MANAGEMENT SHAREHOLDERS
Save for the Directors, management shareholders and substantial shareholders as herein disclosed, the Directors are not aware of any persons who as at 31 March 2003 were entitled to exercise or control the exercise of 5% or more of the voting power at general meetings of the Company and who were able, as a practical matter, to direct or influence the management of the Company.
PURCHASE, SALE OR REDEMPTION OF THE LISTED SECURITIES
There were no purchase, sale or redemption of the Company’s listed securities by the Company or any of its subsidiaries during the three months ended 31 March 2003.
COMPETING INTERESTS
None of the Directors, the management shareholders of the Company and their respective associates (as defined in GEM Listing Rules) had an interest in a business, which competes or may compete with the businesses of the Group.
AUDIT COMMITTEE
The Company established an audit committee on 27 August 2001 with written terms of reference in compliance with the requirements of Rules 5.23 to 5.25 of the GEM Listing Rules. The primary duties of the audit committee are to review and supervise the financial reporting process and internal control system of the Group and provide advice and comments to the board of directors. The audit committee comprises two members, namely Professor Wang Gui Guo (independent non-executive director) and Professor Pan Yun He (independent non-executive director). The chairman of the audit committee is Professor Wang Gui Guo.
The audit committee has reviewed this unaudited quarterly results for the three months ended 31 March 2003.
SPONSOR’S INTEREST
Core Pacific-Yamaichi Capital Limited (the “Sponsor”) has entered into a Sponsor agreement with the Company whereby, for a fee, the Sponsor will act as the Company’s retained sponsor for the purpose of Chapter 6 of the GEM Listing Rules for the remaining period up to 31 December 2003, or until the Sponsor agreement is terminated upon the terms and conditions set out therein.
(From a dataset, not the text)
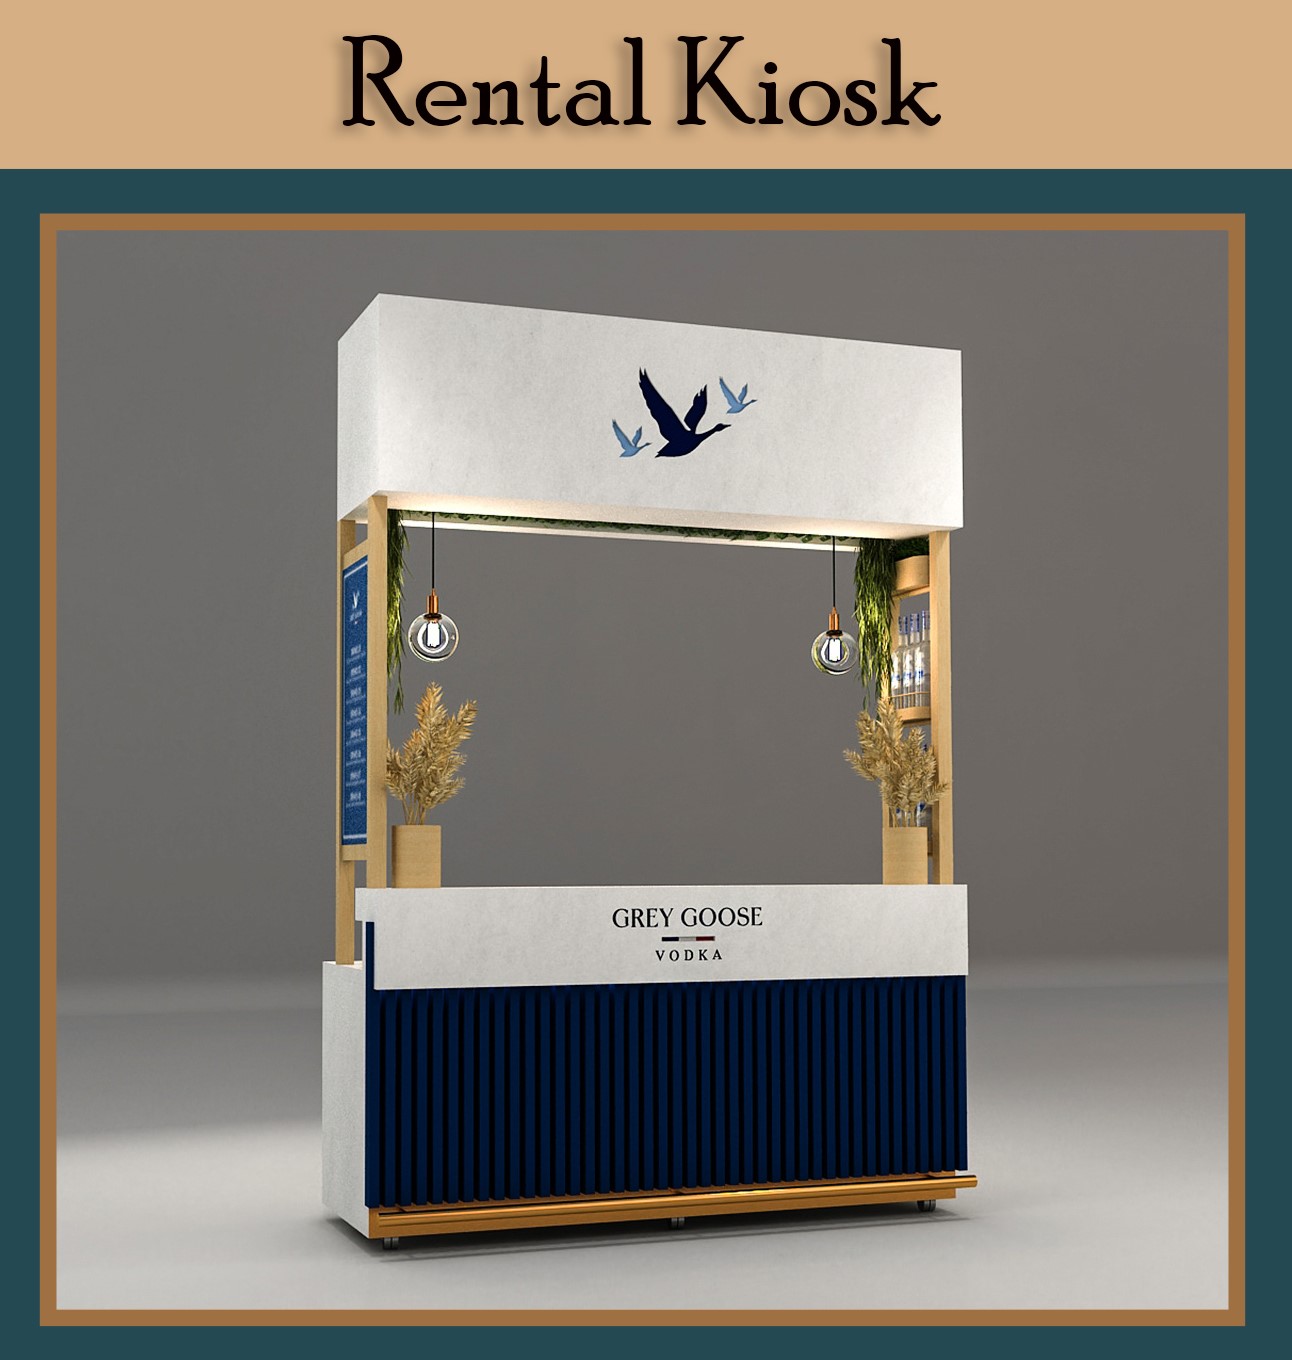 Rental Kiosk Suppliers Abu Dhabi | Rental Kiosk Company in UAE

None of the Sponsor, its directors, employees or associates (as referred to in note 3 to Rule 6.35 of the GEM Listing Rules) had any interests in the securities of the Company or any other company of the Group as at 31 March 2003.
By Order of the Board Hung Yung Lai Chairman
Hong Kong, 13 May 2003
This announcement will remain on the “Latest Company Announcements” page on the GEM website for at least 7 days from the date of its publication.